Compungido, el artista negó con la cabeza.

– Ay, milord, no puedo asegurarle nada -suspiró-. Mi miembro no suele obedecer los mandatos de la razón. El conde soltó la risa.

– Yo era como usted en mi juventud. Pero amo a Rosamund como no he amado a ninguna otra mujer. Si usted la ofende, me ofenderá a mí también.

– Lo entiendo, milord, y prometo que trataré de comportarme» pero, le reitero, no puedo garantizarle nada. Además, las damas suelen sentir debilidad por mí y tratan de seducirme. No es mi culpa.

– Pues Rosamund no tratará de seducirlo, se lo aseguro. Si intenta deshonrarla, se vengará de una manera harto desagradable. Ahora, tenga a bien mostrarme lo que ha hecho hasta el momento. -Se acercó al caballete y abrió grandes los ojos-: Es extraordinario, maestro. La piel parece tan vívida que casi la siento en las yemas de mis dedos.

– ¿Qué virtudes tiene usted, milord, para haber conquistado a esa adorable criatura? -preguntó Loredano con franqueza.

– Estoy tan sorprendido de mi buena fortuna como usted. Lo único que puedo decirle es que lo supimos desde el momento en que nuestras miradas se cruzaron.

– ¿Qué cosa supieron?

– Que estábamos predestinados a amarnos.

– Pero no piensan casarse.

– Dije que estábamos predestinados a amarnos, no a casarnos. Lo supimos desde el primer momento.

Paolo asintió, dando a entender que comprendía la situación.

– ¡Qué trágico! Ser amado por una mujer como Rosamund y saber que algún día tendrá que dejarla. ¿Cómo lo soporta, milord? Yo, sinceramente, no podría.

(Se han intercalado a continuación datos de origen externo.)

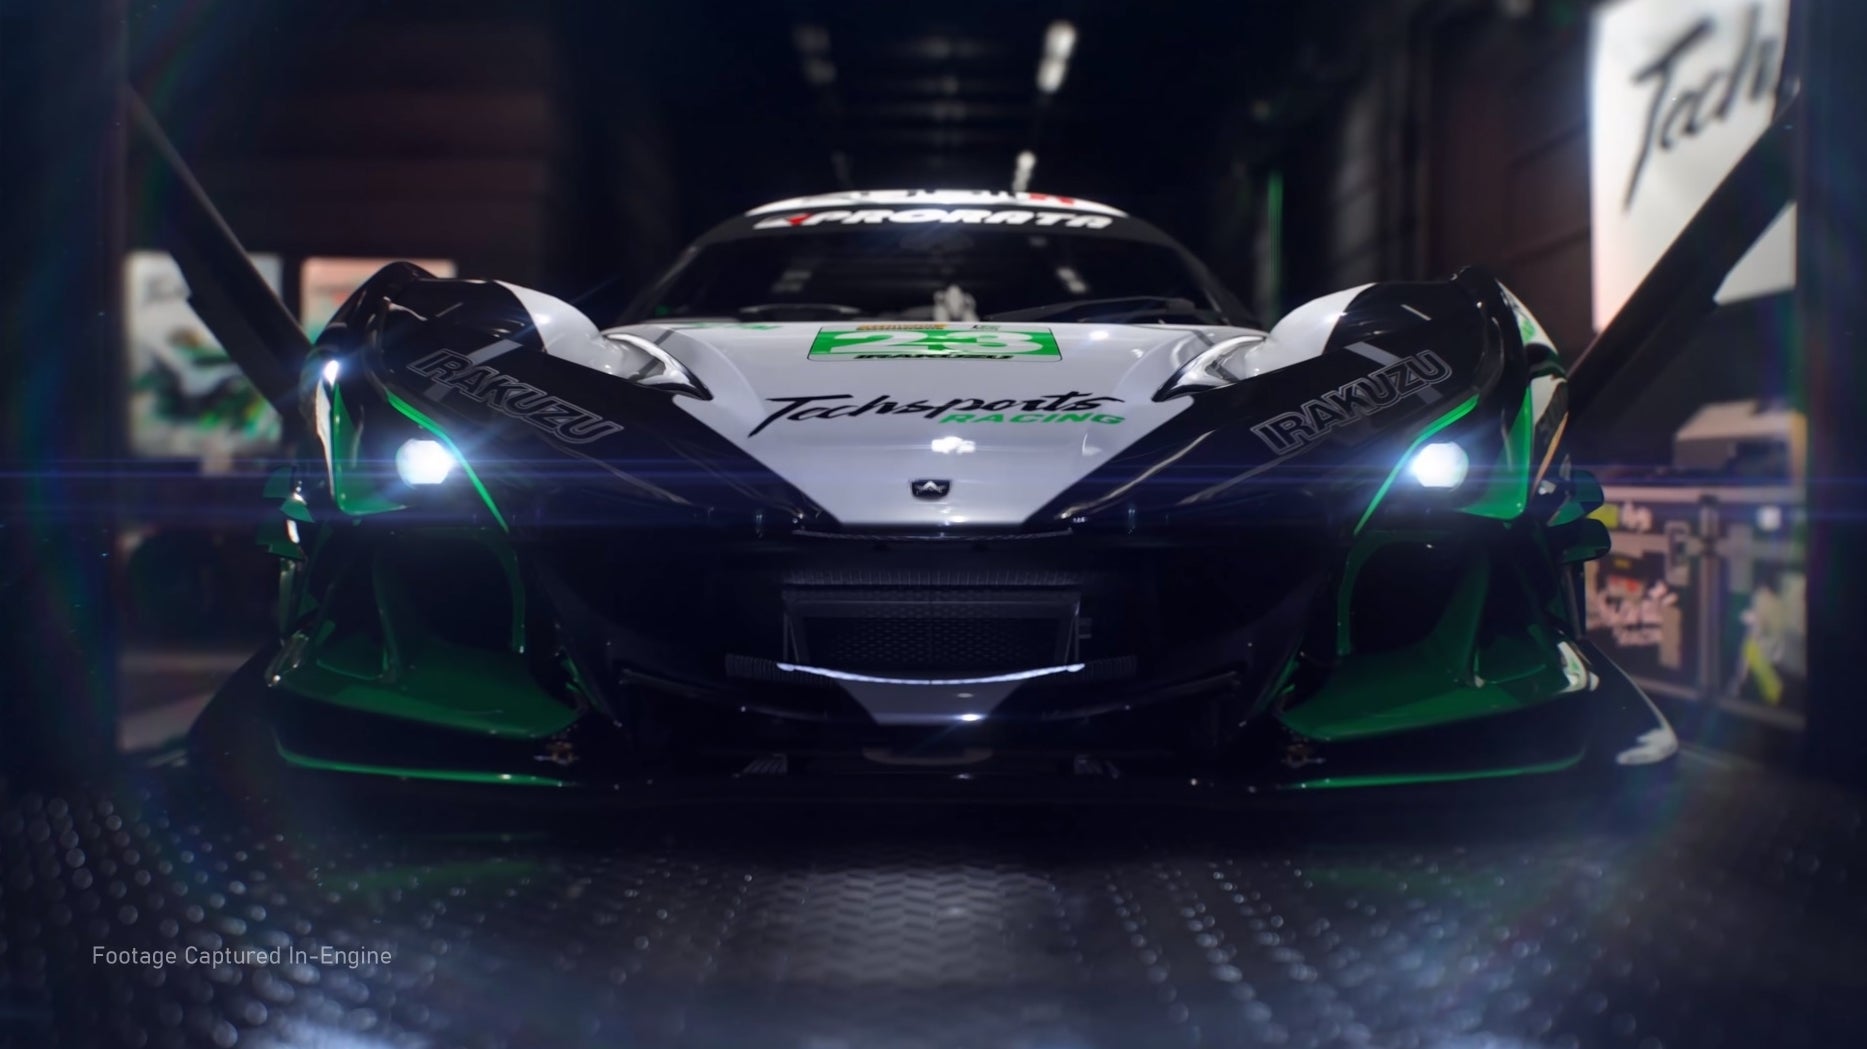 Immagine di Forza Motorsport: novità dal Forza Monthly ma l'attesa è ancora lunga

– Agradecemos cada momento que vivimos juntos. Al fin y al cabo, nada es permanente en la vida, todo es un perpetuo devenir…

– ¡Pero es imposible vivir sin esperanza! -exclamó el artista con dramatismo.

– Se equivoca, maestro. Nosotros sí tenemos esperanza. Esperamos que cada día dichoso que compartimos juntos conduzca a otro día igualmente dichoso. Todo llega a su fin. He ahí una verdad que la mayoría de la gente se niega a admitir. Pero Rosamund y yo la aceptamos. Tal vez nos amemos durante varios años. Tal vez no. Cuando llegue el momento de separarnos, lo haremos con renuencia y aflicción. Sin embargo, nos sentiremos felices por lo que habremos vivido juntos y por los recuerdos que atesoraremos en nuestro corazón dondequiera que nos lleven los caminos que tomemos.

El artista lanzó un fuerte suspiro. Usted es un hombre más valiente y más noble que yo. No podría aceptar el destino con tanto optimismo. Sin embargo, le advierto que Seguiré intentando seducirla. Las mujeres terminan sucumbiendo a mis encantos más temprano que tarde.

– Entonces acabará muy mal, maestro, asesinado por un padre o un marido furioso. ¿Partimos?

Juntos salieron de la terraza, atravesaron la sala de estar, bajaron las escaleras y se detuvieron en el camino de entrada de la villa.